As Mother Jones reported last week:
The bill would make it a Class A felony for a physician to perform an abortion, and a Class C felony to attempt to perform one, meaning that a doctor could face up to 99 year in prison for performing an abortion and up to 10 years in prison for attempting one. The text of the bill compares aborted fetuses to Jewish victims of the Holocaust, as well as to victims of several other historical mass murders.
The bill could send physicians to prison for performing abortions, but it would protect women who receive them from being held criminally culpable. On Tuesday, the state Senate voted against an amendment that would have allowed for exceptions in cases of rape and incest.

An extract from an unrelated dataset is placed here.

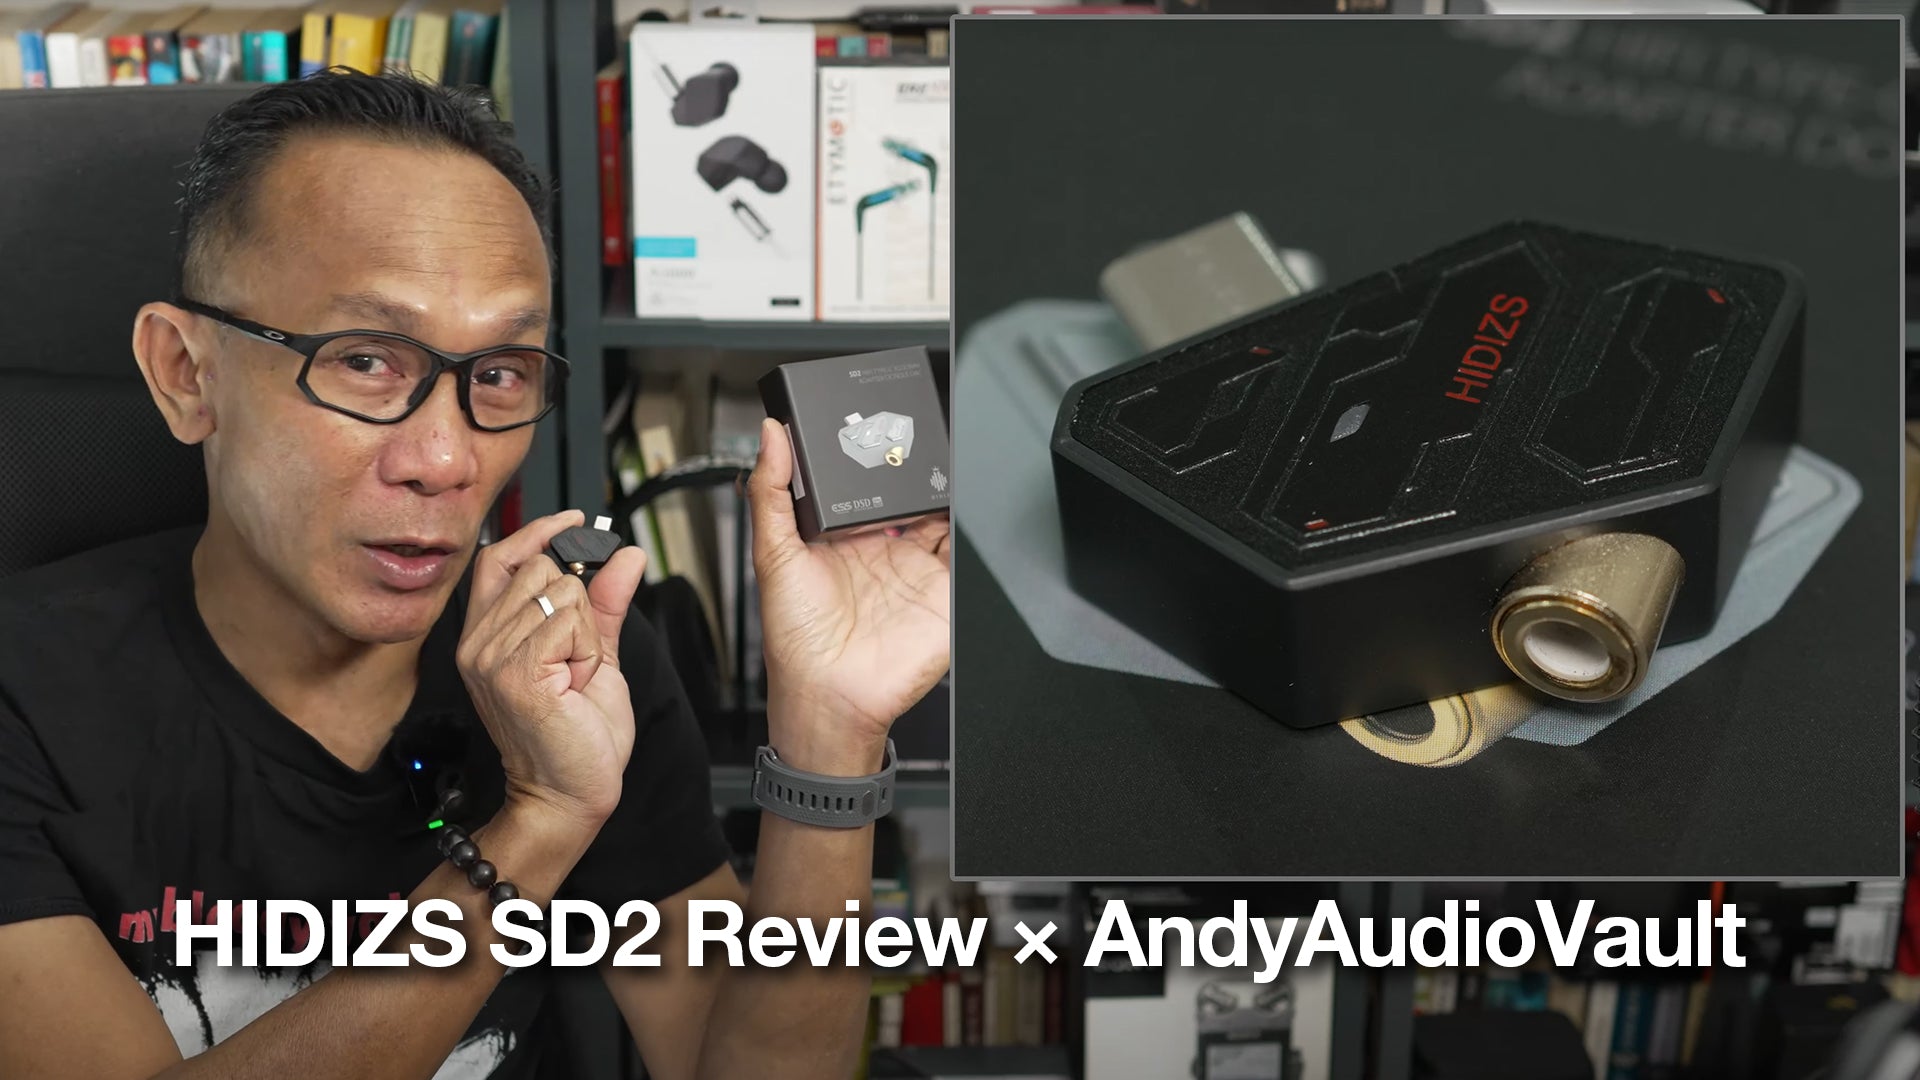 HIDIZS SD2 Review - AndyAudioVault

The bill is meant to challenge Roe v. Wade, the landmark 1974 Supreme Court ruling that affirmed a woman’s right to choose whether to have an abortion. When Sen. Rodger Smitherman (D) asked Sen. Clyde Chambliss (R) what the purpose of the bill was during Tuesday’s state Senate debate, Chambliss replied, “So that we can go directly to the Supreme Court to challenge Roe v. Wade.”
Alabama Democrats argued that the bill would lead women to pursue unsafe abortions, cause unnecessary strife to victims of rape and incest, and cost the state money by setting it up for a legal battle. When Smitherman brought up the risk of women dying from self-imposed abortions, Chambliss said, “I would hope no female would do that in the future.”
Supreme Court Justice Stephen Breyer hinted at the possibility of a reevaluation of Roe in his dissent for a case decided Monday, Franchise Tax Board of California v. Hyatt. “The majority has surrendered to the temptation to overrule Hall even though it is a well-reasoned decision that has caused no serious practical problems in the four decades since we decided it,” Breyer wrote, referring to the five conservative judges’ decision to overturn precedent in Monday’s ruling. Breyer cited Planned Parenthood of Southeastern Pennsylvania v. Casey, a 1992 Supreme Court decision that upheld Roe, as an example of another precedent now at risk, adding, “Today’s decision can only cause one to wonder which cases the Court will overrule next.”
Other states, such as Ohio and Georgia, have recently passed laws banning abortion after a fetal heartbeat is detected—usually at around six weeks’ gestation—but Alabama’s bill goes a step further by outlawing abortion entirely.
Reproductive rights activists have voiced their opposition to the bill, saying it would harm women. “These bans are blatantly unconstitutional and lawmakers know it—they just don’t care,” Staci Fox, CEO and president of Planned Parenthood Southeast, said in a statement. “Alabamians are just pawns in this political game to challenge access to safe, legal abortion nationally.”